- **What to produce**
Output, exactly and with no pictures, the line that contains "Hotel Landgasthof Dorfstadl" and every line that comes after it in the data below, the last one included.

- **Data**
++++++++++++++++++++
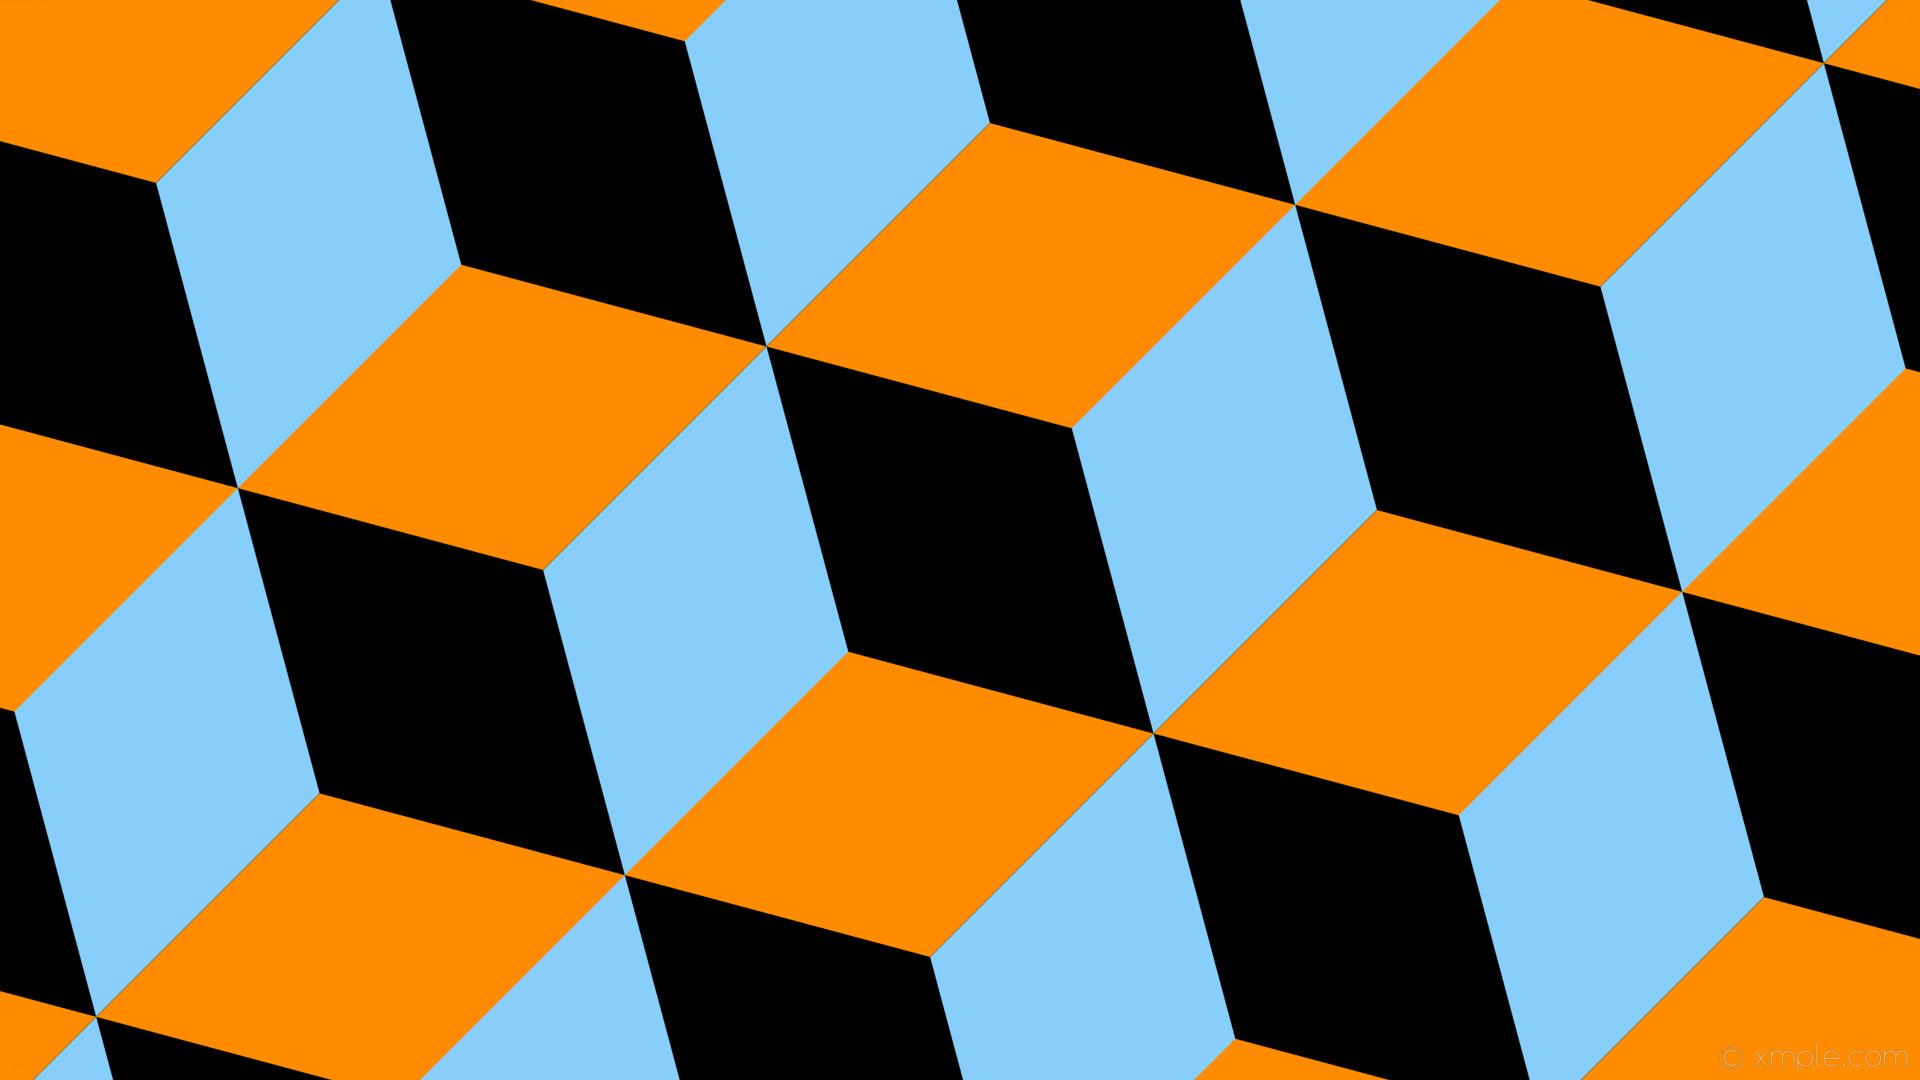 wallpaper blue 3d cubes orange black light sky blue dark orange #000000  #87cefa #
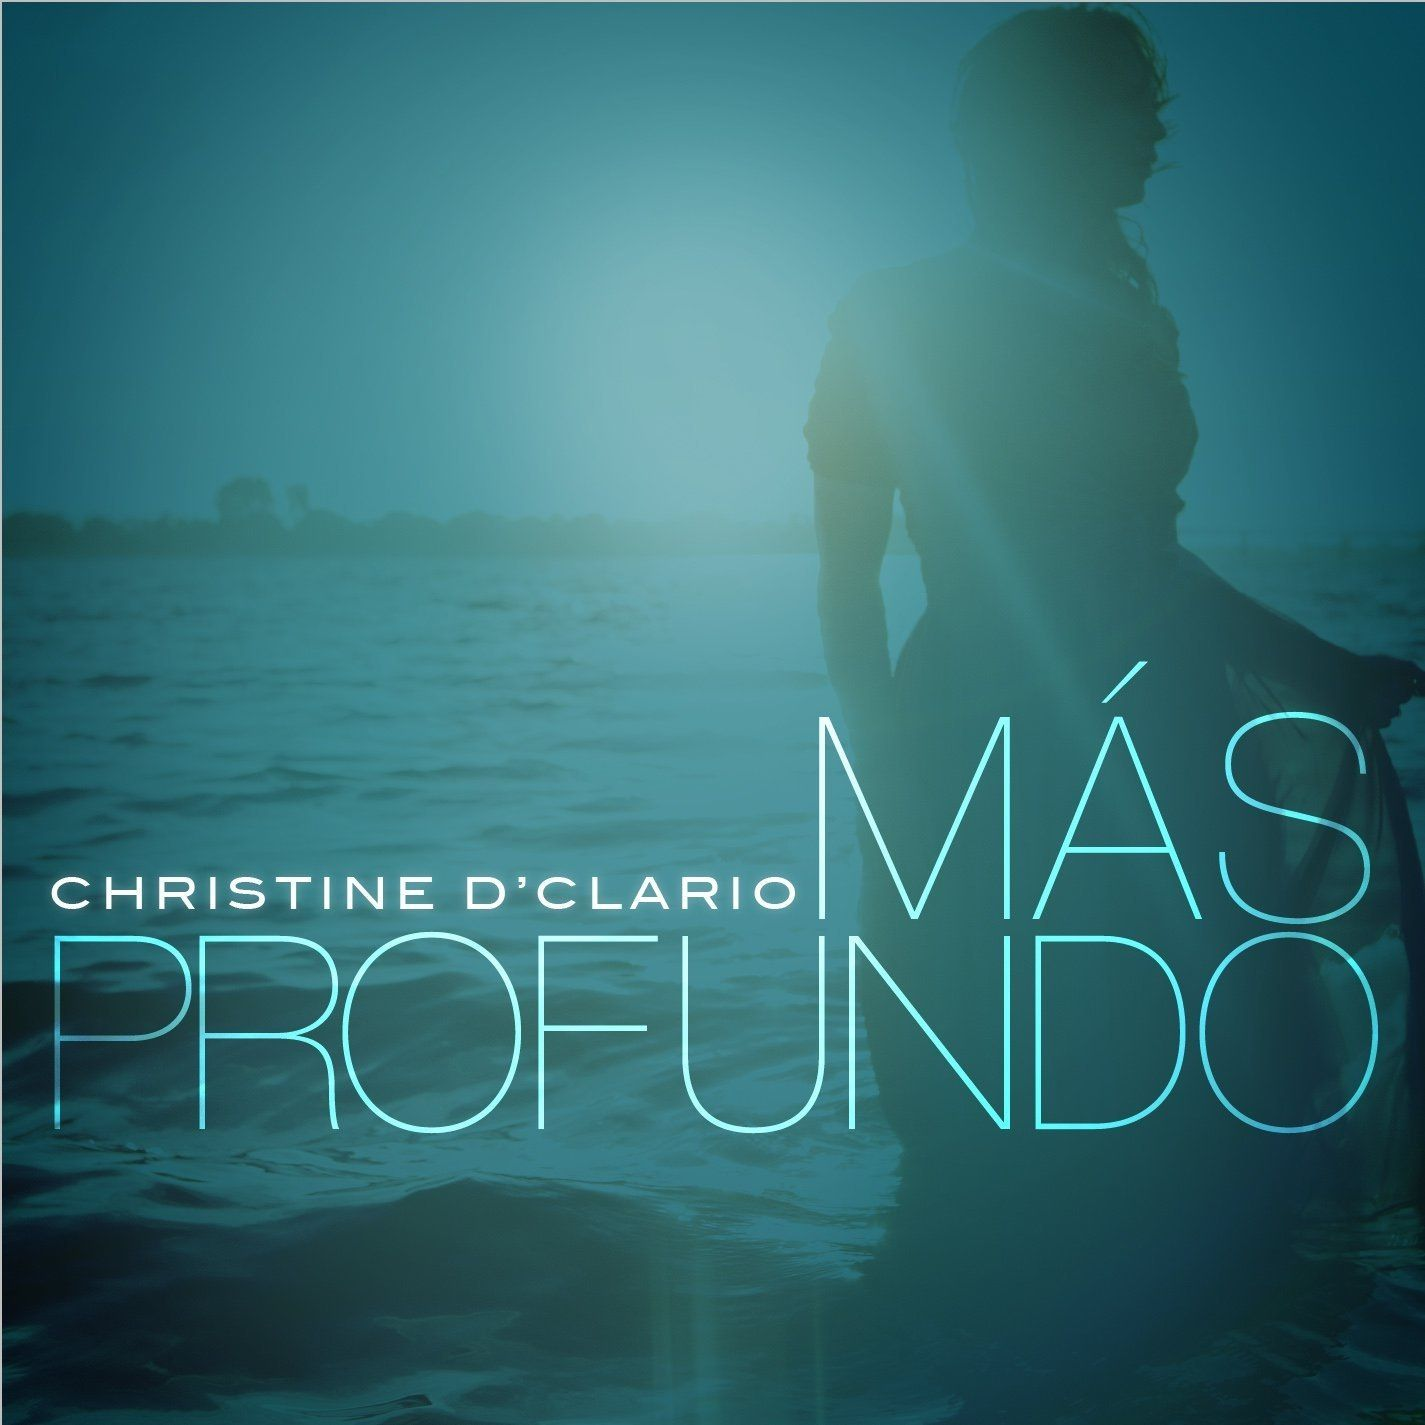 Christine D'Clario, álbum Más profundo
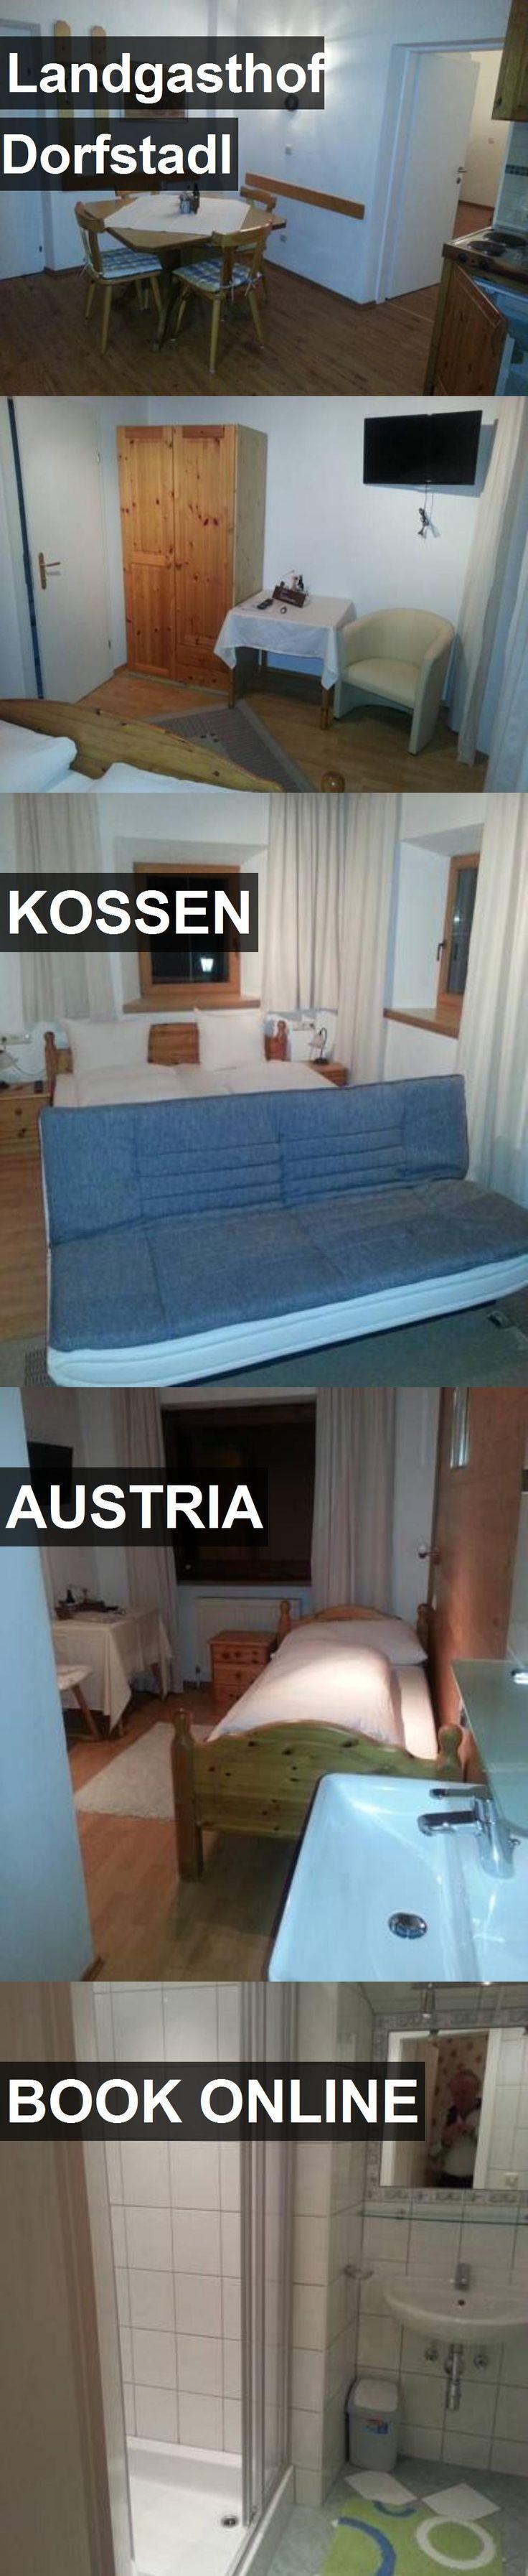 Hotel Landgasthof Dorfstadl in Kossen, Austria. For more information, photos, reviews and best prices please follow the link. #Austria #Kossen #travel #vacation #hotel
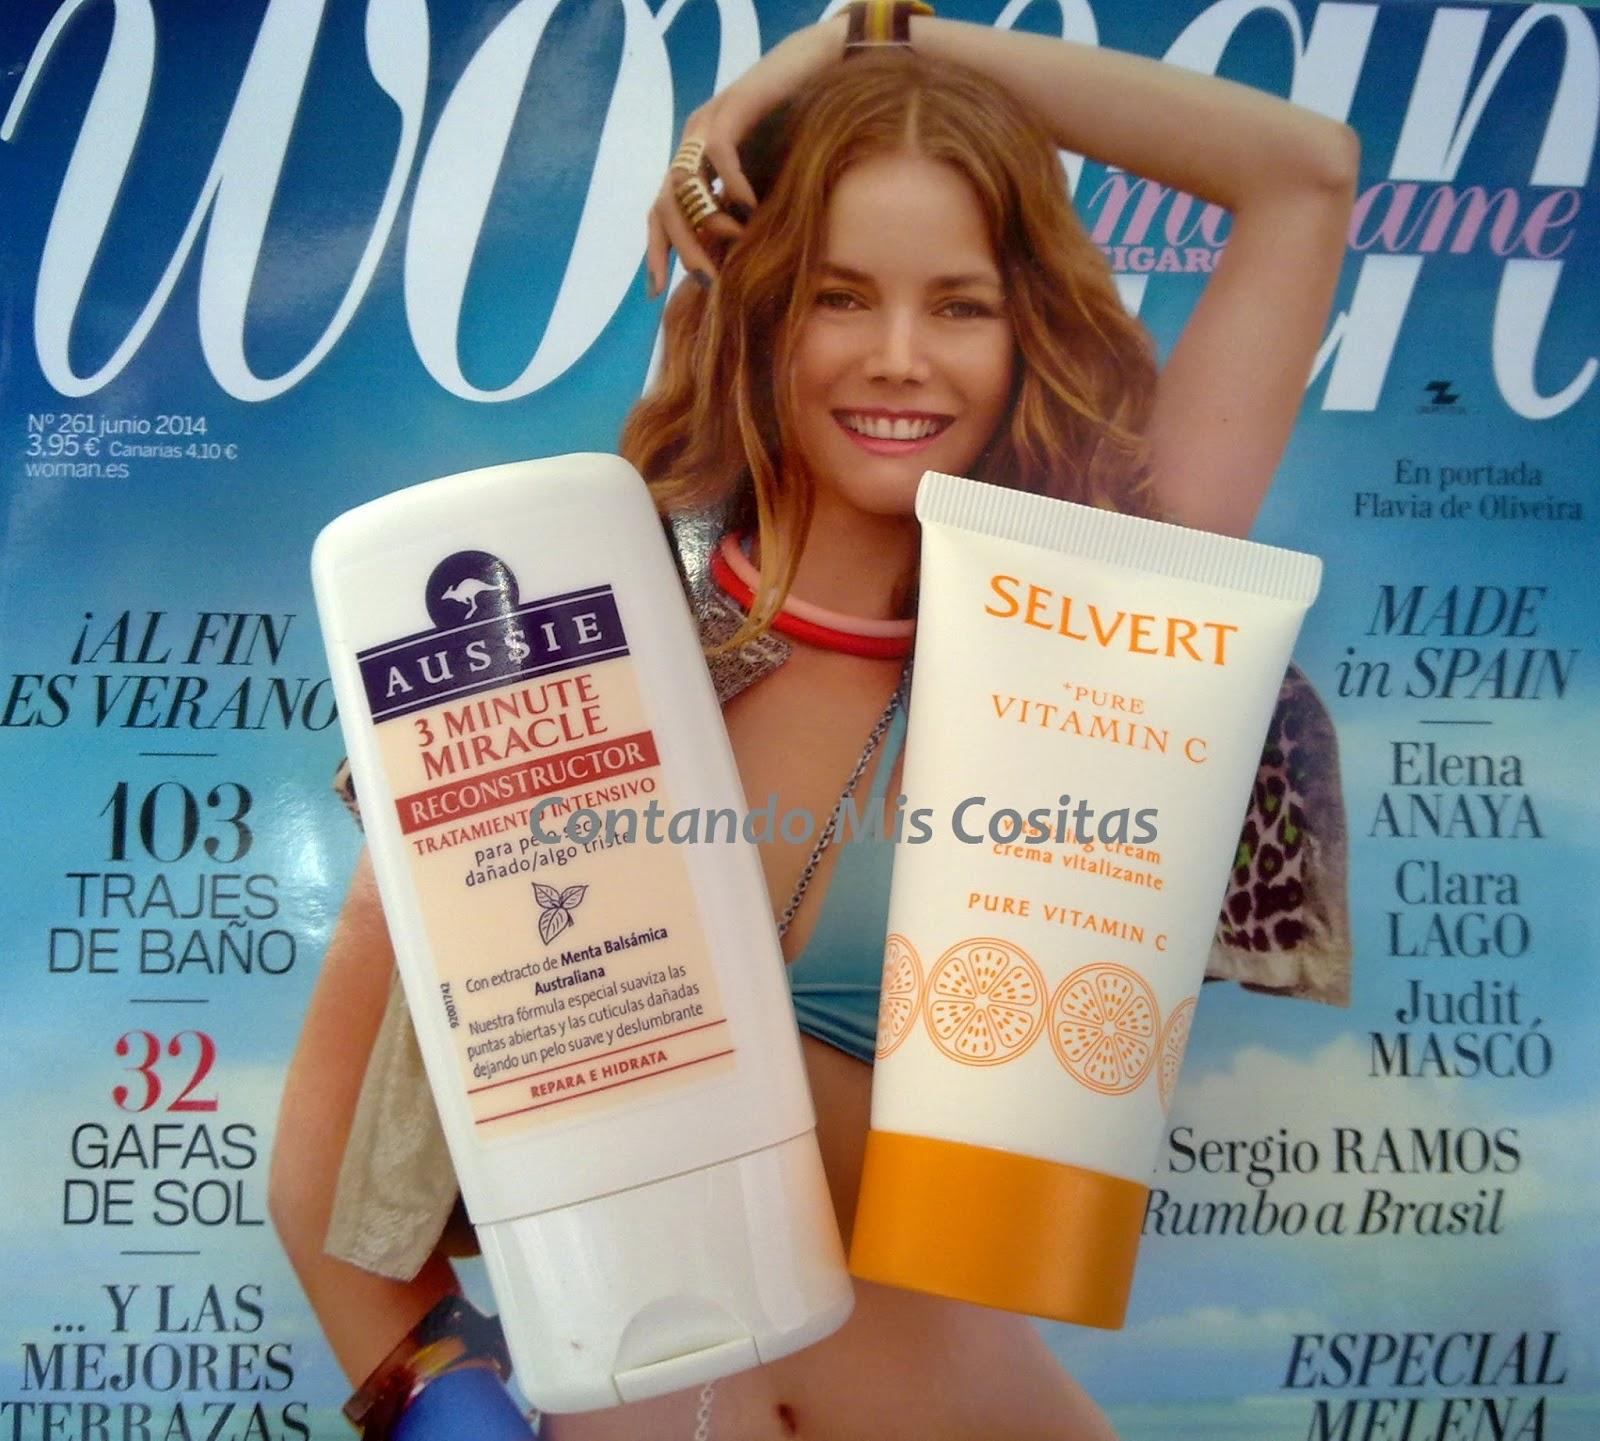 woman regalo crema selvert junio 2014
++++++++++++++++++++
- **Task solution**
 Hotel Landgasthof Dorfstadl in Kossen, Austria. For more information, photos, reviews and best prices please follow the link. #Austria #Kossen #travel #vacation #hotel
 woman regalo crema selvert junio 2014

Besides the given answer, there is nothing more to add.